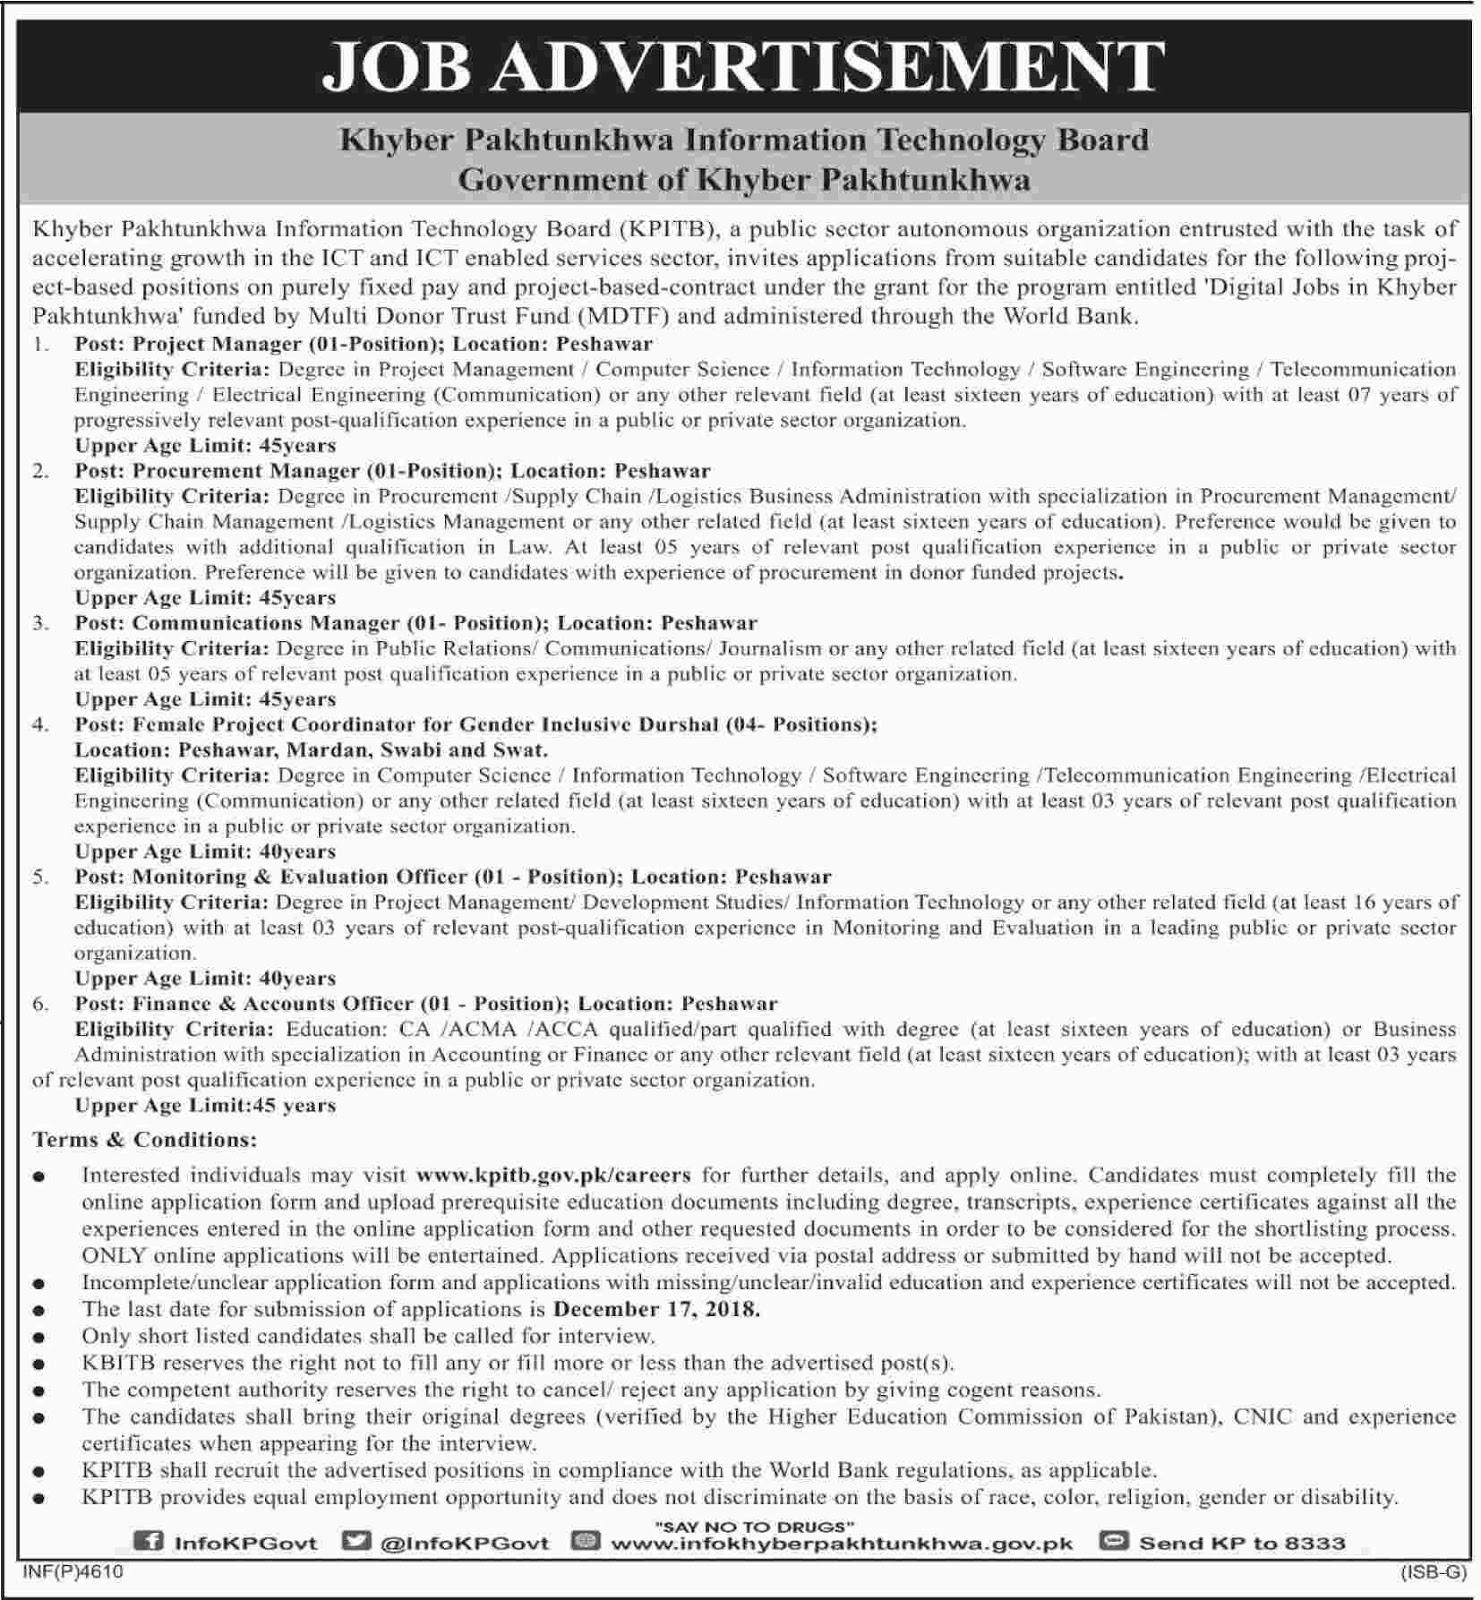 Jobs in Khyber Pakhtunkhwa Information Technology Board Dec 2018
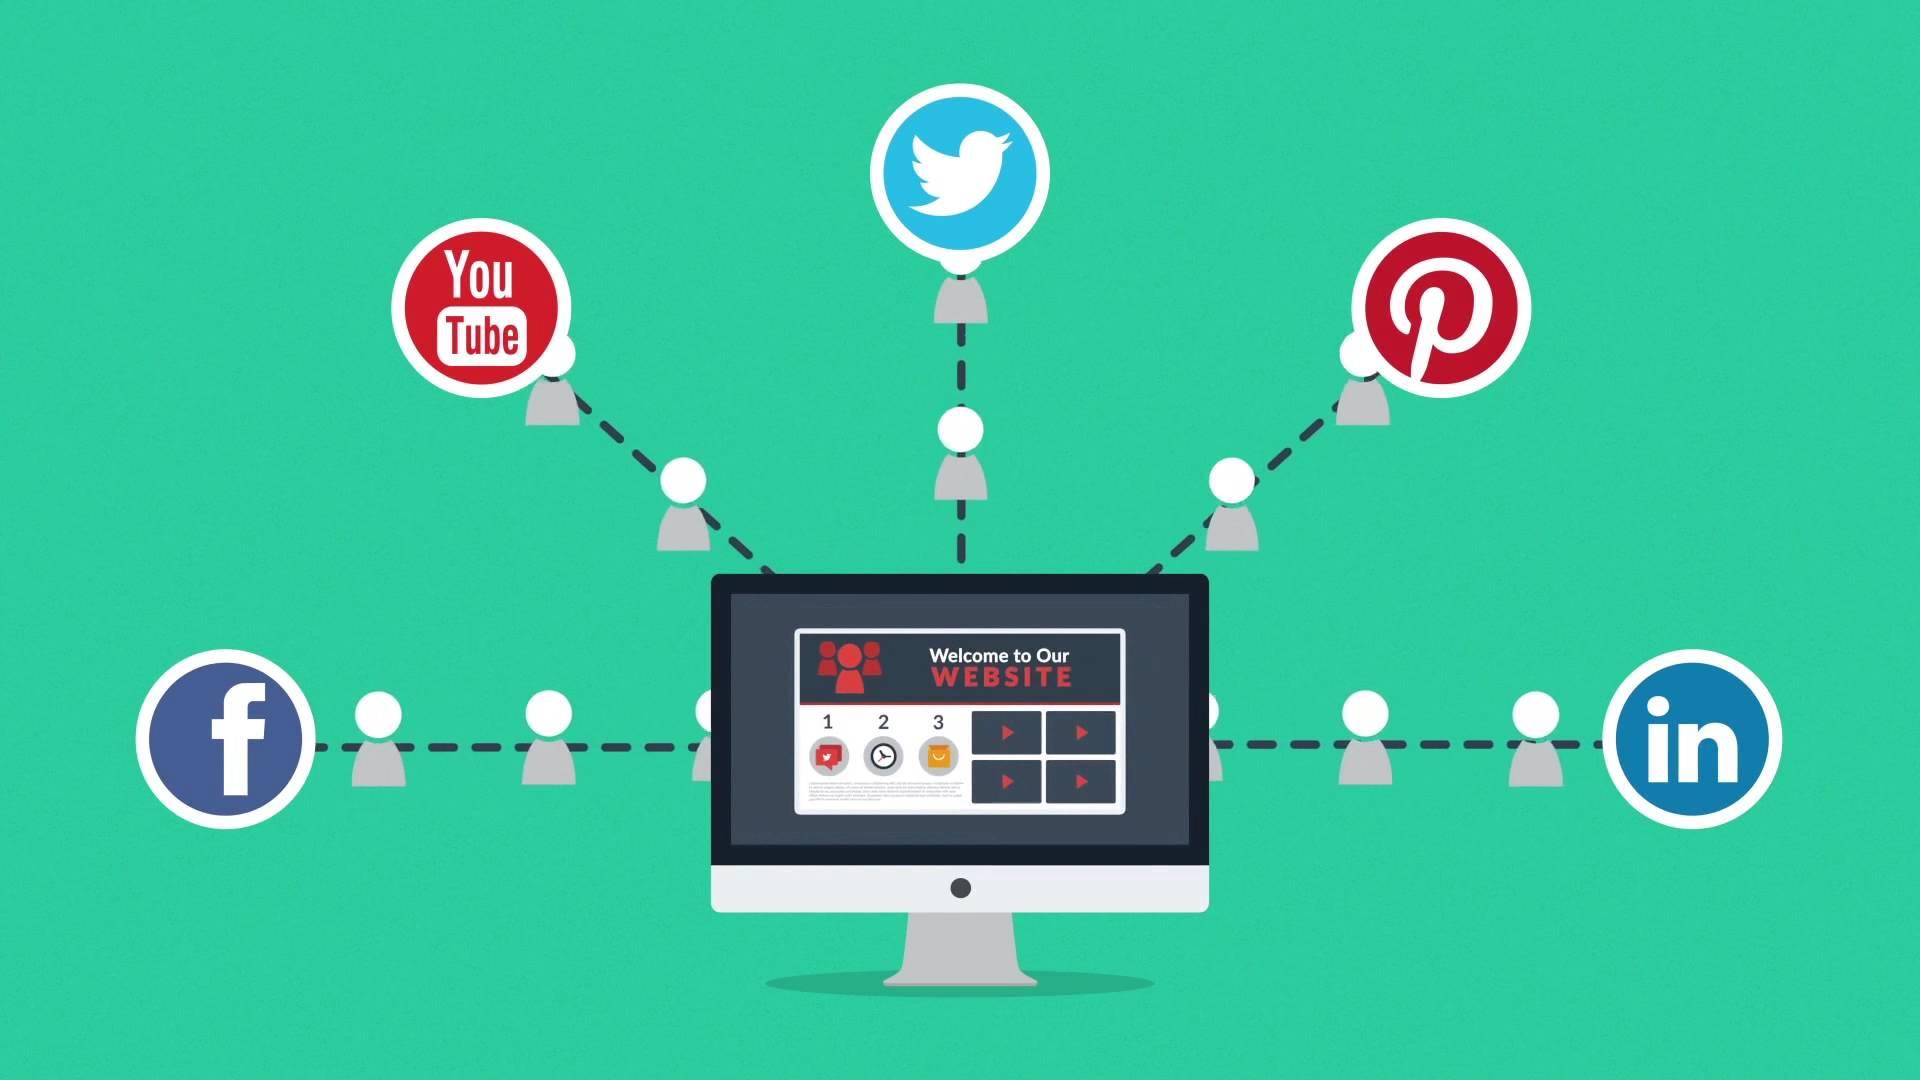 Belang website Online Branders
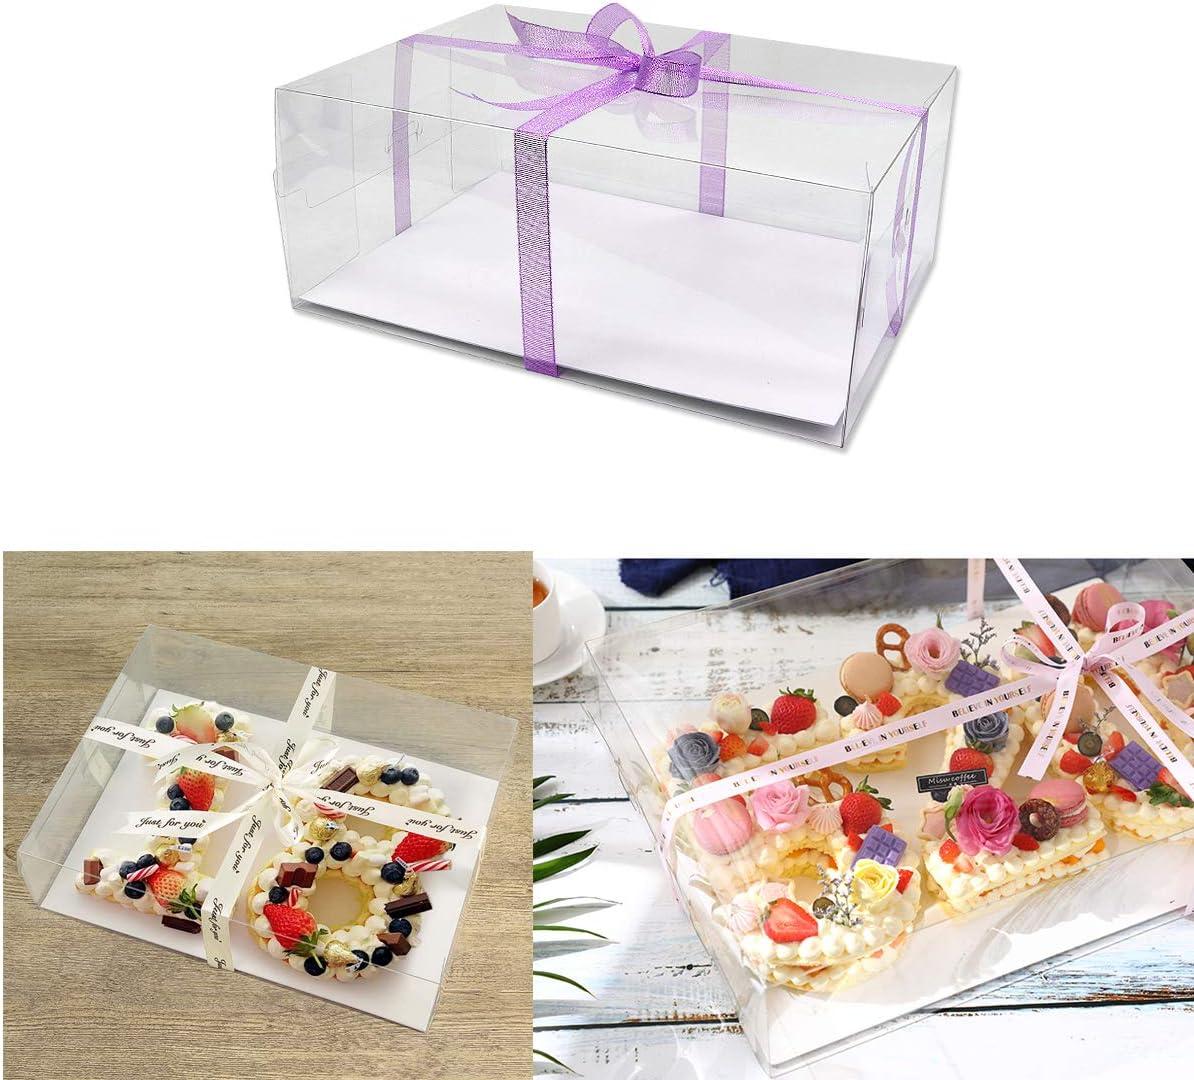 Poitemsis - Caja de plástico transparente para tarta de cumpleaños ...
* * * *
_Assignment_: Every line above should be duplicated exactly; the pictures are to be left out.

_Response_:
 Jobs in Khyber Pakhtunkhwa Information Technology Board Dec 2018
 Belang website Online Branders
 Poitemsis - Caja de plástico transparente para tarta de cumpleaños ...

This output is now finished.